So like I mentioned...I ran some more tests, moved subs, etc. tonight. I ran at least three passes of each test to make sure there were no anomalies. I also tried each position with the polarity reversed and set to zero on each individual sub (every combination possible). Every placement test I tried sounded/looked better with the phase set to 0 on both subs so those are the graphs I'm including in this post (well, except for the first one just to show how much worse it looked than the last one)

I also tried each placement option with minor tweaks to the subs positions (distance from the walls, angled vs squared, etc.) These tweaks didn't seem to yeild much variance. The graphs in this post are all with the subs squared to the walls with the rear edge 5" from the wall and the side 2.5" from the side wall.
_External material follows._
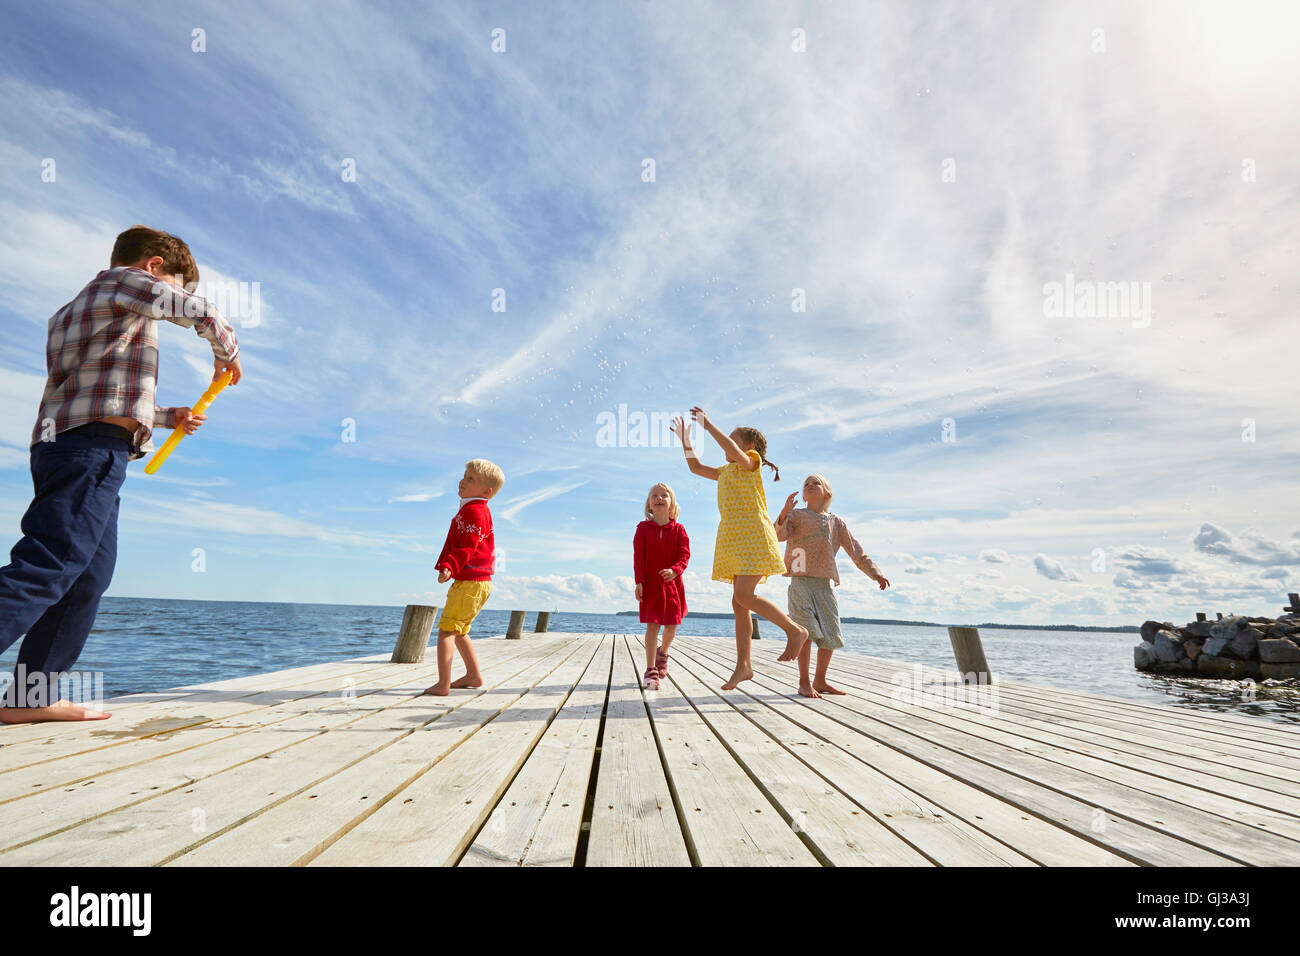 Group of young friends playing on wooden pier Stock Photo

The only exception to the distance was on the right rear stacked configuration (graph 4) only because I didn't have another cable that was long enough. This test was done with the subs 9" from the rear wall. 

The first test was with everything the same as last night with the exception of the main speakers. I had them off for all of these tests. This one has the same ugly curve as the ones last night.









I stacked both subs in the front left corner for the next test and realized the sub that was in the right rear corner had the phase reversed. I have no idea how this happened but I do have two young daughters and one is pretty ornery...I know for a fact that I never reversed it. Anyway, I fixed it and ran the test.









I stacked both subs in the front right corner for the next test. Here are the results.









I stacked both subs in the right rear corner for the next test.









I had one sub in the front right corner and one in the right rear corner for the next test. Looking better?









The last test was done with the subs in their usual positions (left front and right rear corners) but this time with the phase set to 0 on the rear sub. Better than the same sub placement as the first graph?









What are your thoughts? Is my room unkind to the bass curve or is this pretty average? 

Do you think I should go ahead and pick up one of the BFD's or wait and see what the curve looks like after I do additional acoustic treatment and/or after I get the new sub? Do you think a BFD would be able to resolve the problem spots in this curve? 

Should I expect the new sub to have similar problems in this room or are the individual sub designs different enough that it is impossible to tell each one is measured in the room?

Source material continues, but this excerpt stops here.